Candidates that pass these checks still require an editor to approve them before joining the catalog. The grounding result (warnings, matched jurisdictions, verbatim quote, matched source entries) is persisted with each proposal so the editor can verify provenance independently.
6 · Version history
Catalog changes are captured as ArticleRevision rows — one per content-hash change per article. The full log is public at /wiki/changelog (RSS feed at /wiki/changelog/feed).
Status of ?asOf=<ISO> URL pinning: not yet fully implemented. The parameter is accepted and surfaces a banner so researchers know they've requested a pinned view, but the article body below the banner still reflects the current catalog state — historical snapshots are not yet served. To cite this article in a paper today, use the live URL with the current date. The ArticleRevisiontable is being populated on every catalog change so a future iter can read from it; we document this honestly here rather than have the banner imply pinning that doesn't exist.
7 · Persistent identifier + Editorial Board
Persistent identifier policy: each article's canonical URL on this domain is committed-stable. Slugs do not change after publication; if a topic is renamed, the old slug remains as a redirect (recorded in the changelog). This is the current citation identifier — researchers cite the wiki URL.
DOI policy — roadmap: per-article + per-version DOIs via Zenodo are on the roadmap. The DOI infrastructure isn't live yet — the current commitment is URL stability + public changelog + content-hashed ArticleRevision records. We disclose this honestly, the same way §6 discloses the current ?asOf= implementation status. When the Zenodo integration lands, every existing article + its history get retroactive DOIs; today's URL-based citations remain valid forever.
Editorial Board + named authority: the catalog is reviewed by named editors. The board's structure + conflicts of interest + recruitment process live at /wiki/editorial-board. Articles render from typed catalog constants (no single author wrote them), but the catalog itself is editorially curated and that editorial standard is what gets cited — mirroring the Stanford Encyclopedia of Philosophy precedent.
8 · Corrections workflow
Every article carries a "Report a problem with this page" link in its footer. Clicking opens a pre-filled GitHub issue (anonymous + no account needed for read, GitHub account needed to submit) with the page reference + a structured prompt asking for the specific issue type (stale date, missing source, broken link, wrong jurisdiction, analytic claim that doesn't match the catalog).

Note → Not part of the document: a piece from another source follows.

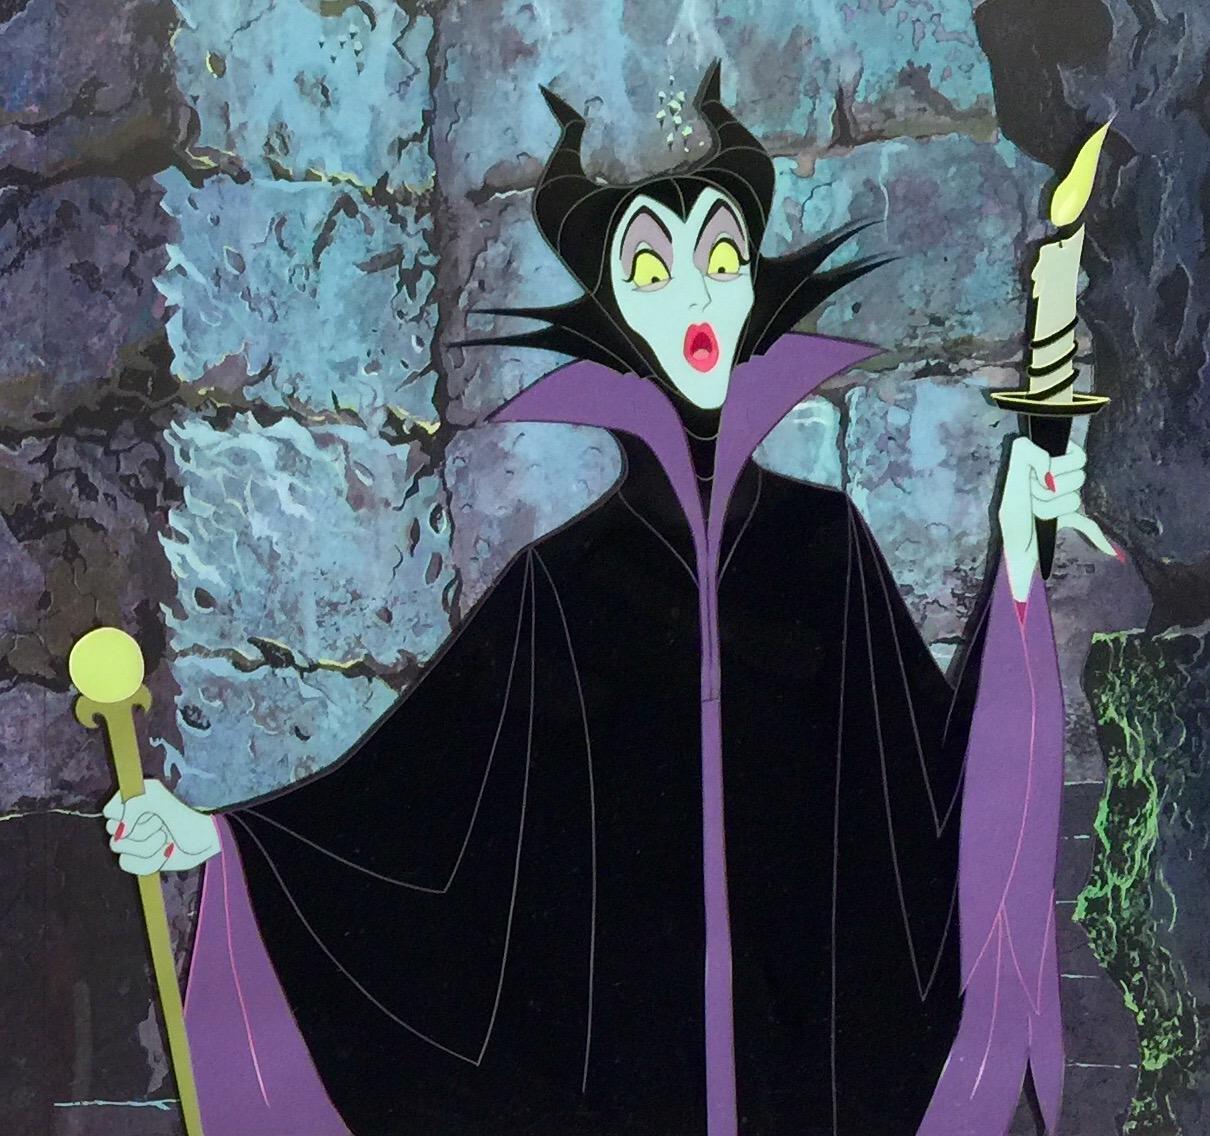 Maleficentcelw_candlea

Each reported correction is reviewed by an editor; resolved corrections become commits to the catalog (and thus appear in the changelog). The catalog is the single source of truth — once a correction lands, every downstream surface (article page, OG image, CTSS score) updates on the next render.
9 · Update cadence
The signal-based components of the framework refresh on a schedule:
- External discourse signals — daily refresh via the admin endpoint (cron in production); academic velocity weekly.
- Topic proposer — monthly or on demand by editors.
- Article content — updated when primary sources change (a new regulation passes, an instrument is amended). The changelog shows when.
- Editorial review — articles re-verified on a rolling 90-day target. The freshness chip surfaces the current state on each article.